Celebrity chef Ajay Chopra talks about his new venture, fusion food and the changing attitude towards Indian food.
A true Punjabi at heart, celebrity chef Ajay Chopra is quirky, funny and an absolute delight to interact with. He is quick to accept the prejudices Indian chefs still have to face on the world platform but at the same time, he is trying to break barriers by bringing authentic Indian cuisine on the global platter.
With his culinary creativity and immense passion for food, he has worked with some of the most prestigious names around the world like Gordon Ramsay and Angela Harn. But ask him what he loves to eat and he promptly says ‘Dimsums’, But when it comes to cooking, Galoti Kebab is his favourite.
The host of shows like Hi Tea, Chop Chop Chopra, and co-host and judge of MasterChef India season 1 and 2, Ajay was recently in Pune to launch Pandora Gastronomy and Bar, Nagar Road. While he has tried to maintain the authenticity of the cuisines, the menu is still very playful. To give you an idea they have experimented with Puneri Misal with Cheese Fondue on top. It is served as a Bunny Chao, red crust, loaded with cheese inside and farsan on top.

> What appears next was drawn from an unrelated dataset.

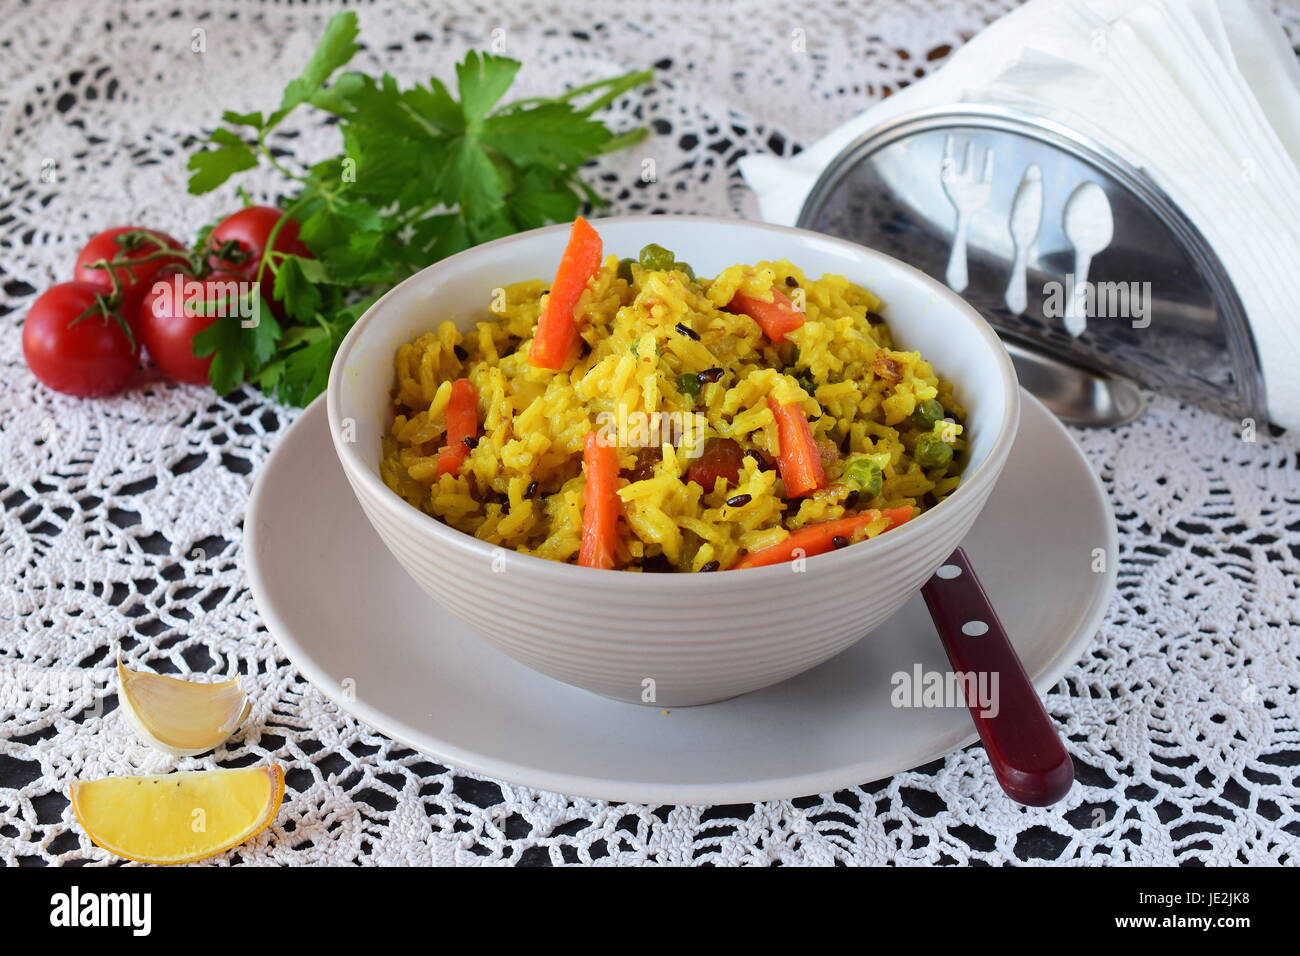 Facile à cuire avec le riz, les carottes, les oignons et les raisins secs dans un bol d'huile d'olive sur un fond blanc. Concept de saine alimentation Banque D'Images

But he claims that the biggest USP is the portion sizes which are devised in such a way that everybody gets to choose from a variety of foods. So you can try out from an assortment of 10 dishes and not just limit yourself to one or two.

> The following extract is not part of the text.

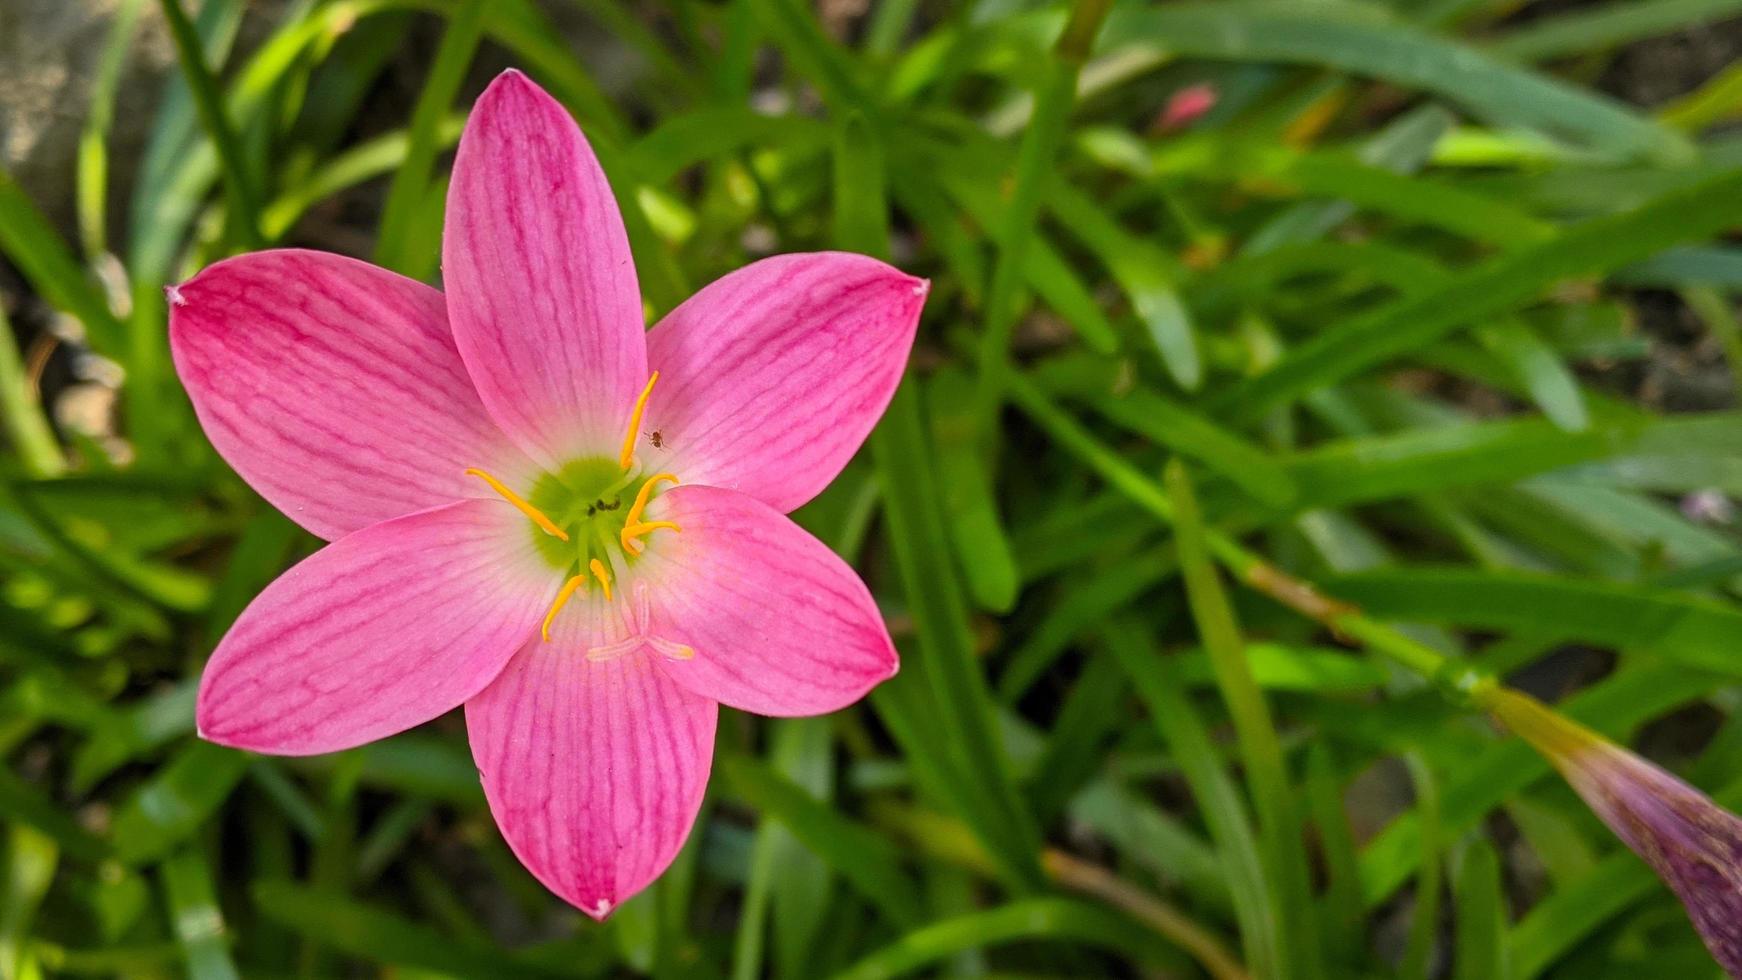 el lirio de lluvia rosa es una especie de planta del género zephyranthes o lirio de lluvia originaria de perú y colombia. foto

Besides his new venture, the chef also spoke about the emergence of regional dishes on the international platter and the changing perception toward Indian food.
Fusion or confusion
Ask Ajay about the ongoing fusion food trends and he is quick to remind you that he is not a great fan. He points out to the fact that there is a thin line between fusion and confusion. He explains, “That is where the whole concept of modern and progressive begins. So if I am a chef with a global perspective and I am in London and want to make an Indian dish with halibut, I have two ways to look at it: I take a piece of the fish, marinate it and put it in the tandoor.

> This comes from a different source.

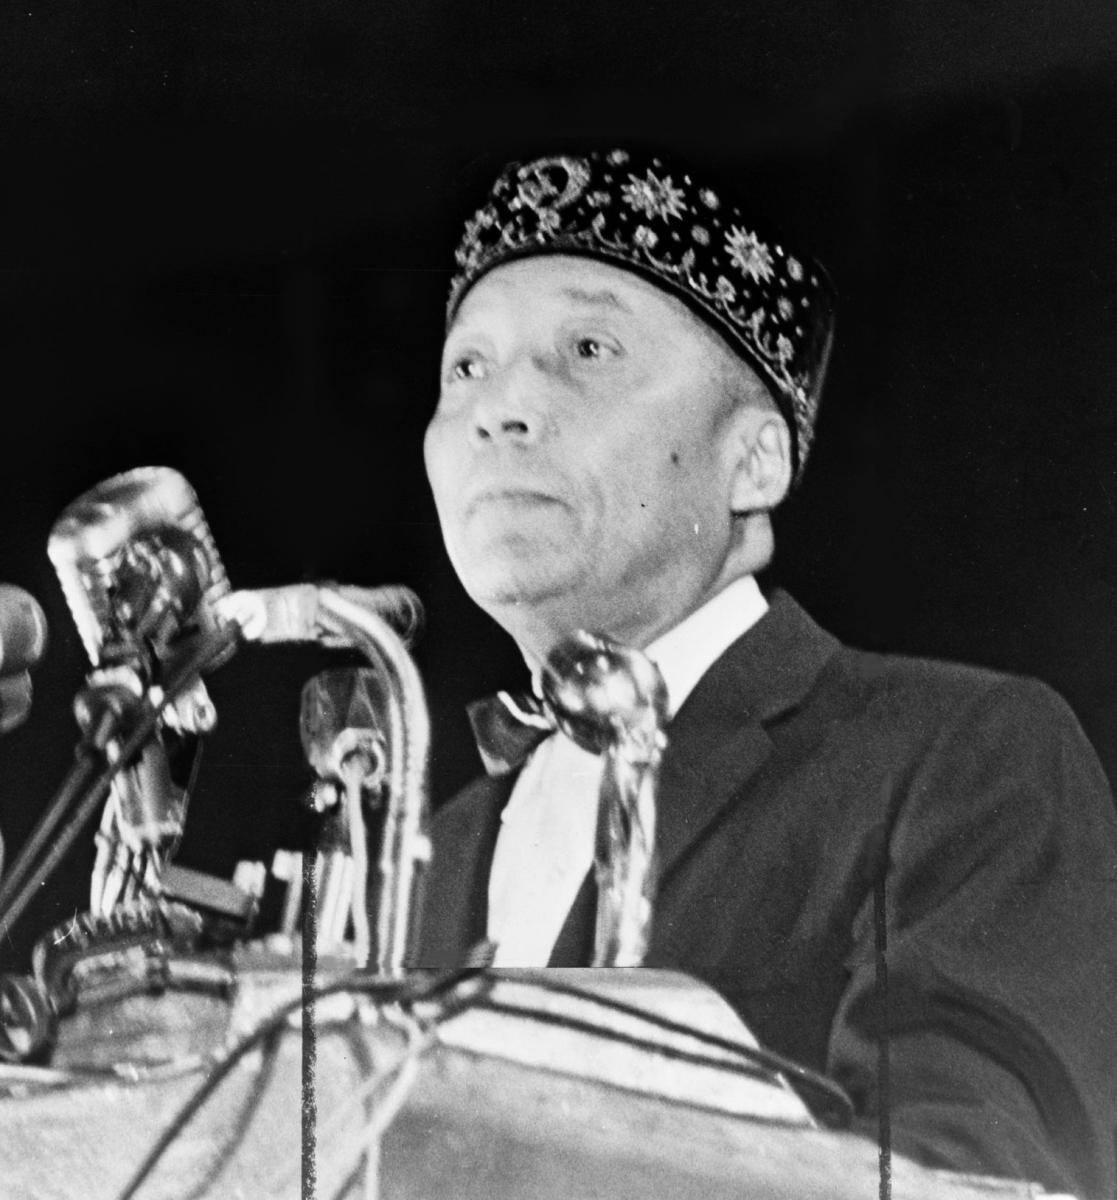 Muhammad speaking at a podium

Or, I take the soft and flaky fish and not put it in the tandoor but bake it and treat it like tandoori fish, and it comes out brilliantly. That way I can actually respect the ingredients and prepare a dish that is not fusion and call it Masala Halibut.”
He also finds the idea of putting tomato ketchup in everything and calling it schezwan sauce ridiculous. “If I want to use tomato ketchup in something, I must have a good reason behind it, probably to give a lift or twist to my dish,” he says.
Eye for food ?
With the rise of ‘Instagram food’, people are consistently flaunting their dishes on social media but does it taste good? Says Ajay, “It is a three-level journey. You eat with your eyes first and once your eyes have said ‘yes’, then your belly starts saying ‘wow’ and then your mind signals and allows you to have it. So the three things are in conjunction and coordination. Unless the dish is plated beautifully, it will not tell a story — the thoughts, finesse and nuances that go into the making of a dish. A lot of art and science is involved in it.”
However, a lot of good-looking food may not necessarily taste good. “If a food looks great, it may not taste equally good. I am okay sometimes to compromise on Indian curries with their look because I know you can’t experiment much with that. If it is Nalli Nihari, then I want piping hot Nalli with meat falling off the bones and I should be able to dip my Khammi Roti and relish it.”
Chopra, who is also a part of the show Northern Flavours which celebrates authentic recipes and cooking styles from the northern region of the subcontinent, says, “The idea is to bring out a lot of regional dishes which a lot of India eats but then it is very specific to that zone. So if I tell a Delhite about Puneri Misal, he wouldn’t know. But a lot of that is changing now. I personally feel that regional food will get a lot more importance. Chefs are already working hard to bring different elements to it. For example, grains like jowar and bajra are being widely used now.”
Telling us about the perception of Indian food abroad, Chopra says, “USA still doesn’t know much about Indian food because 50 years ago, some sardarjis went to the USA and with the little information they had they thought they could create a big menu. They heard from somewhere about Rogan Josh or other recipes but their menu was pathetic. There are very few places that serve proper Indian food.
But at the same time, if you look at the UK, the country has witnessed an evolution of Indian food in the last 15 years. So from that time to when Vineet Bhatia, Atul Kochhar and Cyrus Todiwala started telling people that this is Indian food, or that Rogan Josh is nice and comes from Kashmir, and there are two ways of preparing it (one made by the pandits and the other by Muslims) — Indian food has seen a lot of transformation.
The perception of Indian food is changing everywhere. People in UAE love Indian food and the quality has improved immensely. Ajay explains, “Now is the time when the world is opening to us. I recently heard that Ranveer Brar and Saransh Goila have been invited to Harvard Business School, which is phenomenal.”